Out of the 24 cleanrooms 16 of them are amenable to traditional biopharmaceutical manufacturing, which includes air cascades from the core out to less clean areas. 

And the rest of the cleanrooms are designed for higher control processes such as viruses or high potency compounds, where the airflow is the opposite direction and it's a containment suite to protect the rest of the environment. 

And now we have entered the anteroom space.

Here we provide some standard storage options of 2 to 8 degrees centigrade, as well as -20 degrees centigrade storage. 

Each of these monitoring systems have alarms associated with it so that any events that happen during off hours are automatically notified to make sure that prompt action is taken. 

And here we have a material pass-through.

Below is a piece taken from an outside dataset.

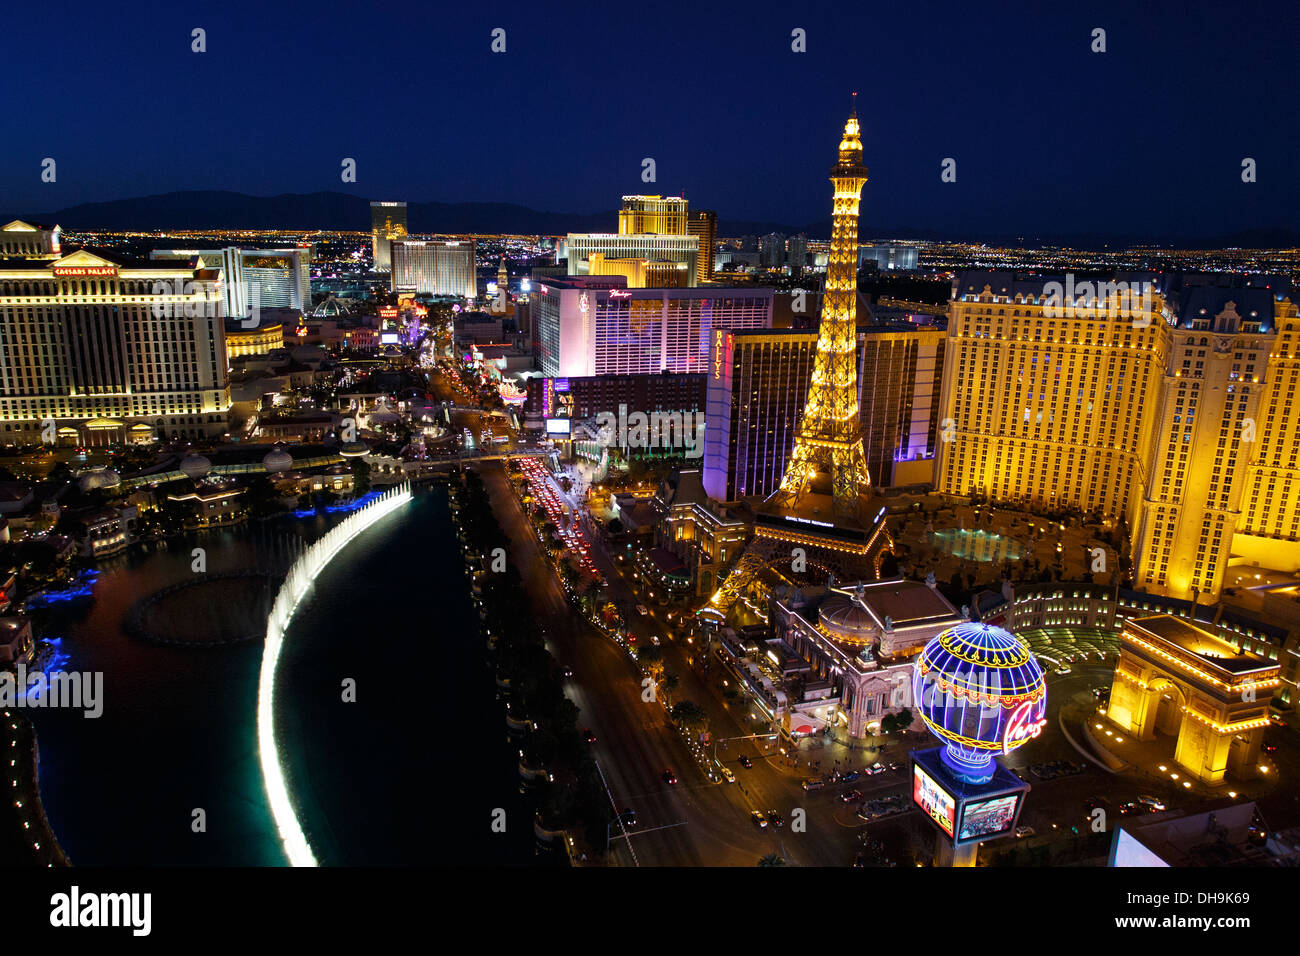 Las Vegas Strip, Las Vegas, Nevada. Stock Photo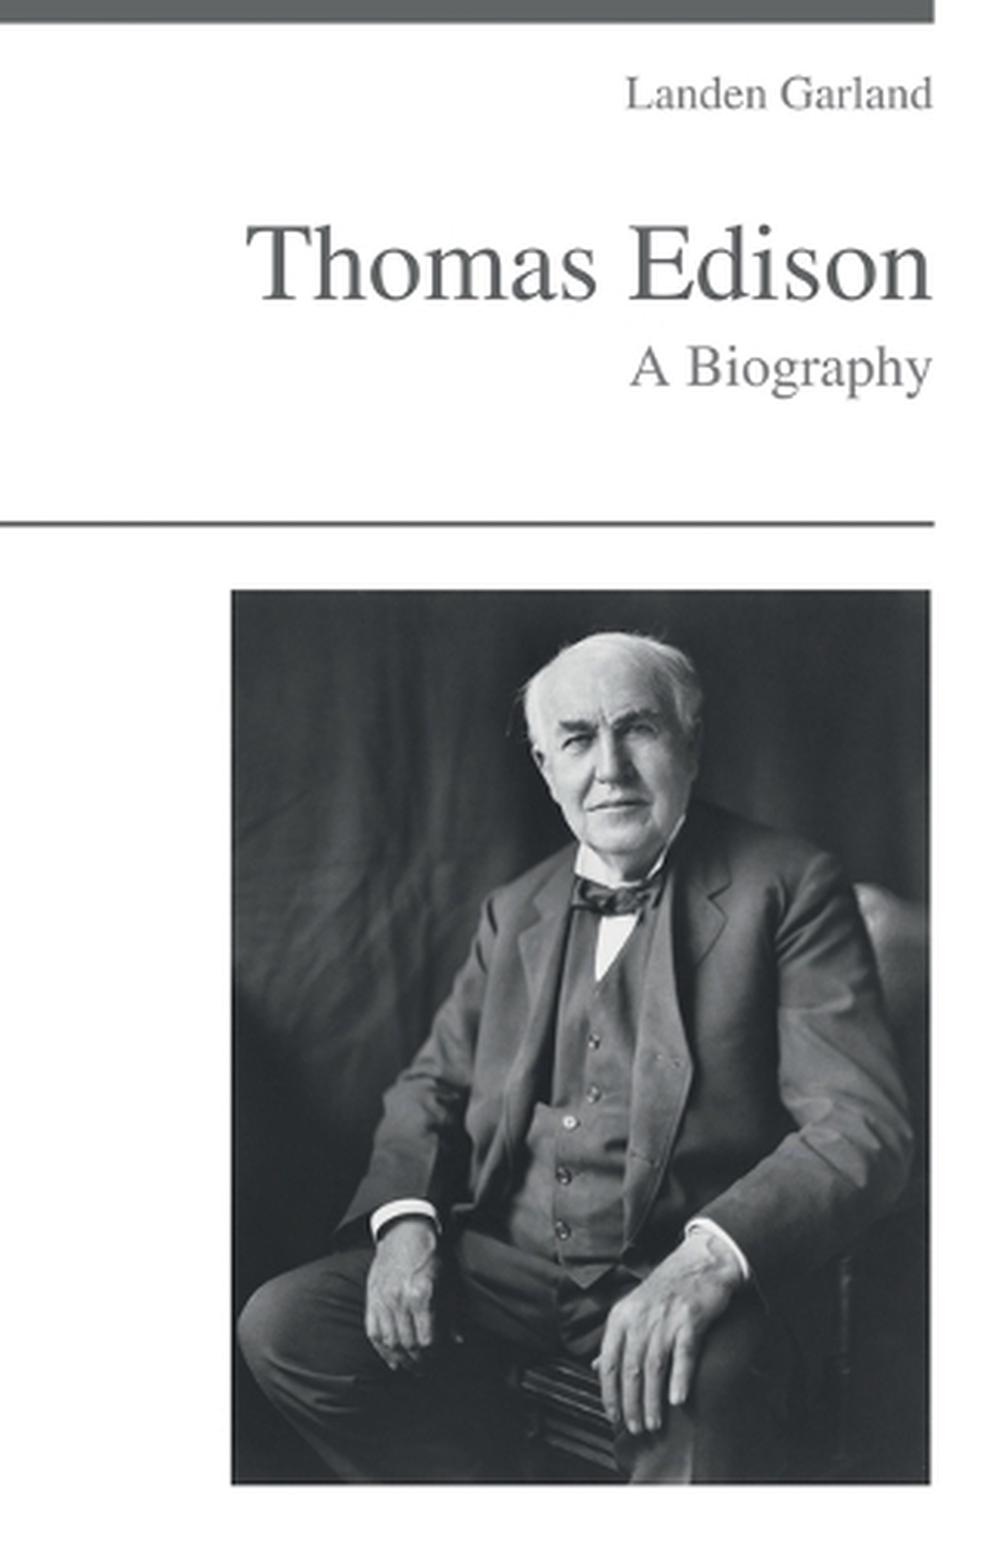 thomas edison biography pdf free download

This is for pass-through if any raw materials or other materials that need to go into the cleanroom core.

 I'm going to don these secondary gowning supplies in a dedicated airlock that's behind me, which is called the personnel airlock. 

Now that we have entered the cleanroom core, this is an ISO 7 space that is fully controlled, both in terms of the pressure cascades, but also the temperature and humidity at all points of time. 

The air is controlled through HEPA filters. 

The cleanrooms are also equipped with various gases for process use. 

The location of these drops can be relocated as well to provide flexibility in terms of process operations.

The stainless steel furniture that you see in these cleanrooms are also provided by us as a standard offering. 

We are able to provide additional furniture as well, depending on each client's request. 

These are ISO 5 qualified biosafety cabinets that allow for any open processing to happen in the cleanroom. 

These are modular panel-based cleanrooms that are amendable to high level of flexibility in terms of design. 

You can connect adjacent cleanrooms with each other to create a much larger space. 

You can also reconfigure the cleanroom itself by providing panels in strategic areas to provide additional controls in terms of air. 

The entire facility is backed up via emergency power that's onsite. 

In order to maintain compliance to the various regulations, whether it be the US or the European regulations, the facility is designed to ensure unidirectional flow of personnel, material, and waste. 

So now I have taken off my primary gowning materials and I've entered the exit corridor. 

This exit corridor provides a way for personnel to get back into the locker rooms for a complete de-gowning, and then there's a separate exit for the waste that comes out of each cleanroom.

That waste gets accumulated in a satellite storage area prior to collection at a certain cadence. 

Now, some of the additional features of the cleanrooms include interlocking of the doors that lead into each cleanroom or exit from each cleanroom. 

This is to ensure that there is minimal risk of cross-contamination because of air mixing from a less clean to a more clean area. 

Now, in addition to these security features, we also have safety features. 

So in case of a spill that a spill gets in each cleanroom to make sure that the personnel have ready access to tools to clean up the spill. 

In addition, there are safety showers in the exit corridor in case of an event of a spill where personnel need to wash themselves. 

And now we're headed back to the locker room where we'll complete the de-gowning process. 

And now we have entered the GMP warehouse where a majority of the material storage happens. 

So the temperature ranges that we can support in this warehouse include ambient 2 to 8, -20, -80, and cryogenic or liquid nitrogen storage. 

And in this area we will see standalone refrigerators and freezers. 

We are able to store materials in conditions such as 2 to 8 degrees, -20, and -80 in these standalone units. 

In addition to these standalone units, we also have walk-in units for -20 and 2 degrees centigrade storage. 

And over here we have the Azzur seating area for our internal staff. 

This includes the quality personnel, the client operational personnel, and the facility personnel that take care of the various aspects of GMP compliance, but also client satisfaction while they're in our facilities. 

We provide other services and amenities such as a gym onsite, a large break room, collaboration areas such as conference rooms and the lobby itself.